Students Master Robotics, Beat Odds

On NPR’s Weekend Edition for Saturday, April 16, 2005, Susan Stamberg told how four high school kids from Tempe, Arizona won a major national robotics competition: Students Master Robotics, Beat Odds:

Four high school kids from western Phoenix and an underwater robot named Stinky beat out the nation’s brightest students (including a team from M.I.T) in the 2004 Marine Advanced Technology Education Center Remotely Operated Vehicle Competition. It’s a boost to their college hopes, which had been far from a sure thing due to financial disadvantages.

The journey of the Carl Hayden High School team is chronicled in Wired magazine and raises issues surrounding college funding for the children of immigrants. Susan Stamberg talks to two of the members, Cristian Arcega and Lorenzo Santillan. We also hear from their computer science teacher, Allan Cameron.

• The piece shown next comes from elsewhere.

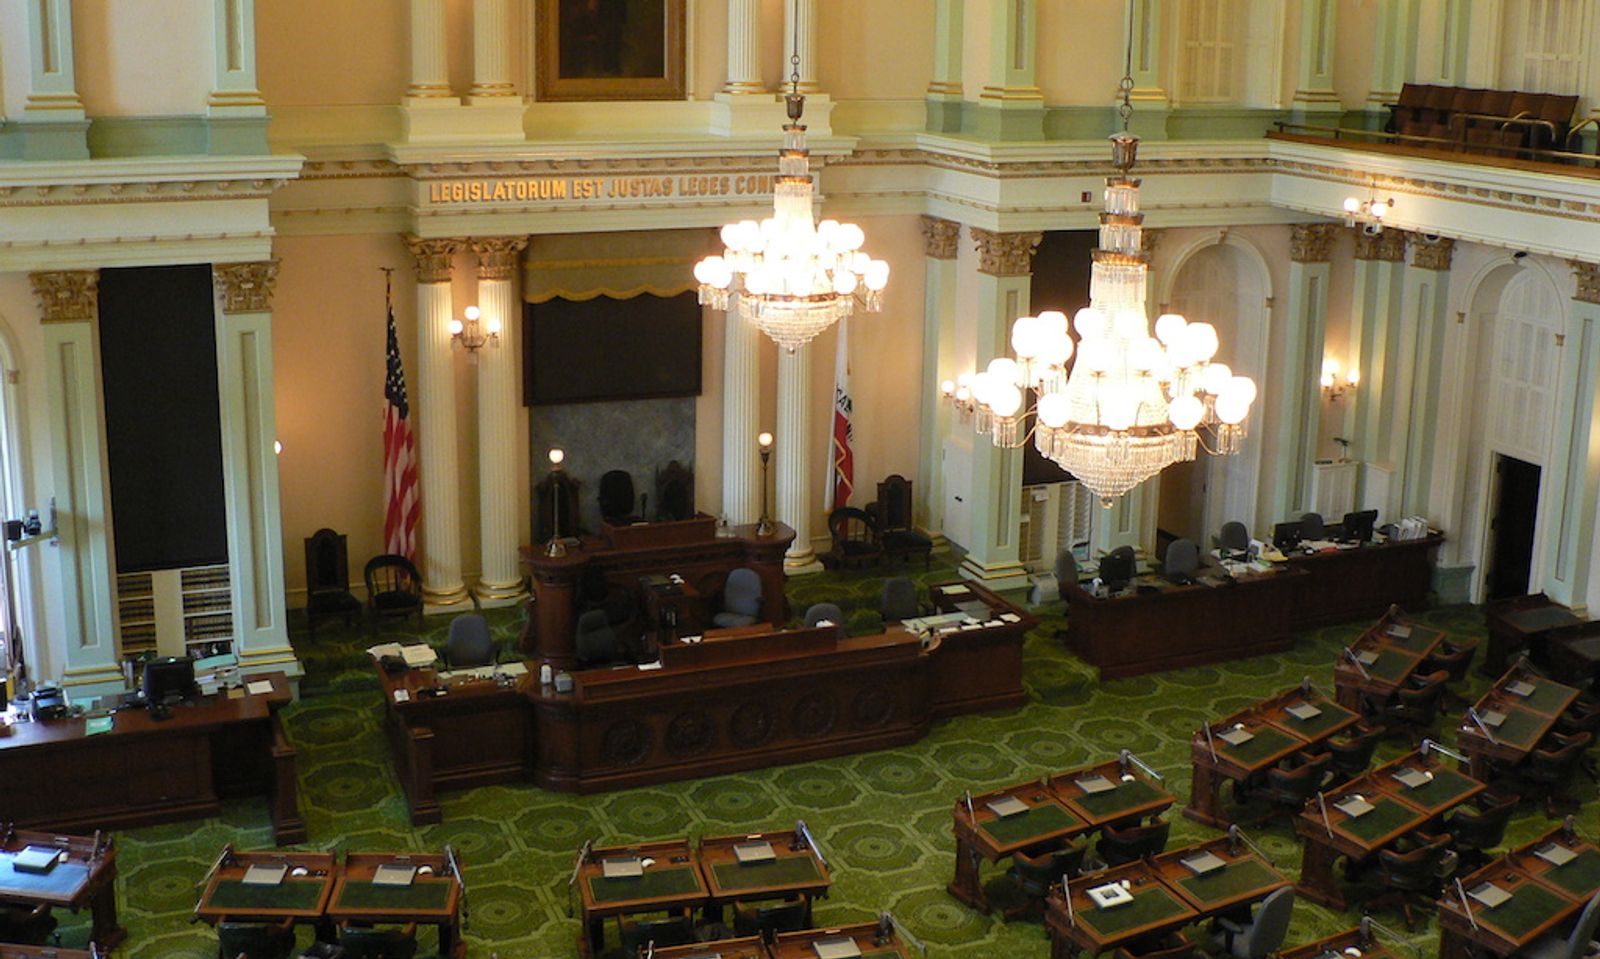 AB5 Repeal Vote Fails, But Law’s Support in Assembly Has Dipped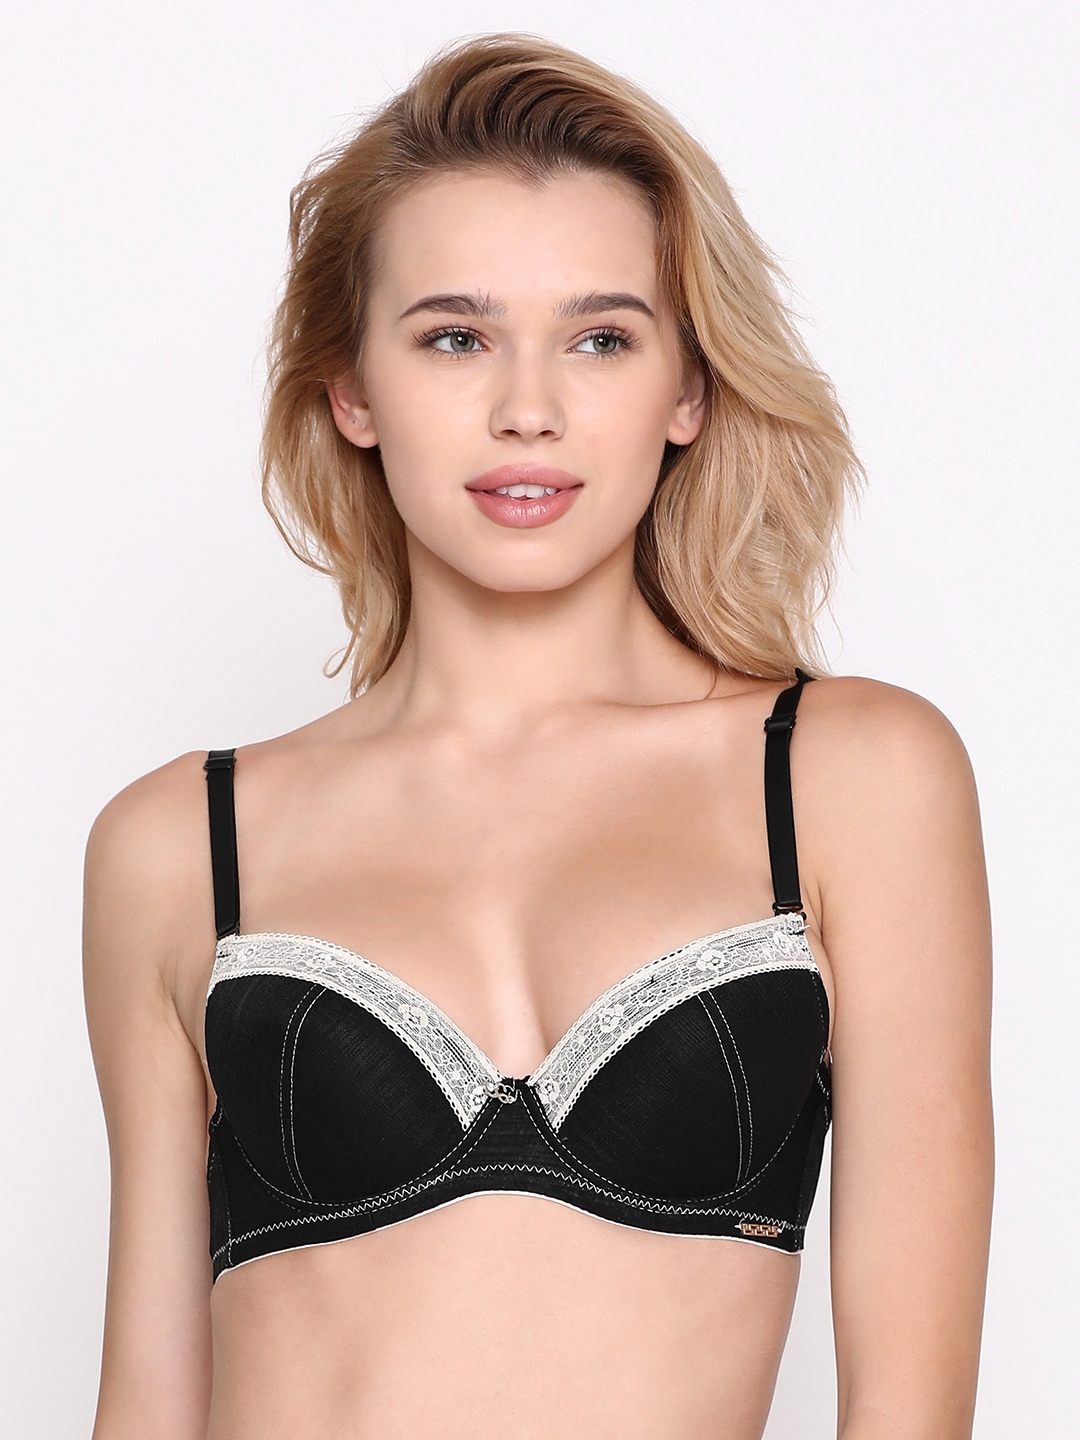 shyaway Black Lace Underwired Lightly Padded Push-Up Bra S029

Praise for the feature, which tells a great story and raises important questions about inequitable funding, but with a bit of a quibble. Surely, in the sort of open-ended definition of intelligence I espouse in Grow With the Flow, the creative problem solving, knowledge of a subject area, and intense teamwork (personal intelligence) that won this competition represents a high level of real-world intelligence? And at this competition, by definition, this team had more of the requisite package of intelligence than any other team? Then what does it mean to say that this team “beat out the nation’s brightest students"? At that moment, in that setting, they were the nation’s brightest students. They may have beaten the odds, but it seems to me that they haven’t outpaced the assumptions about intelligence that guided that choice of words.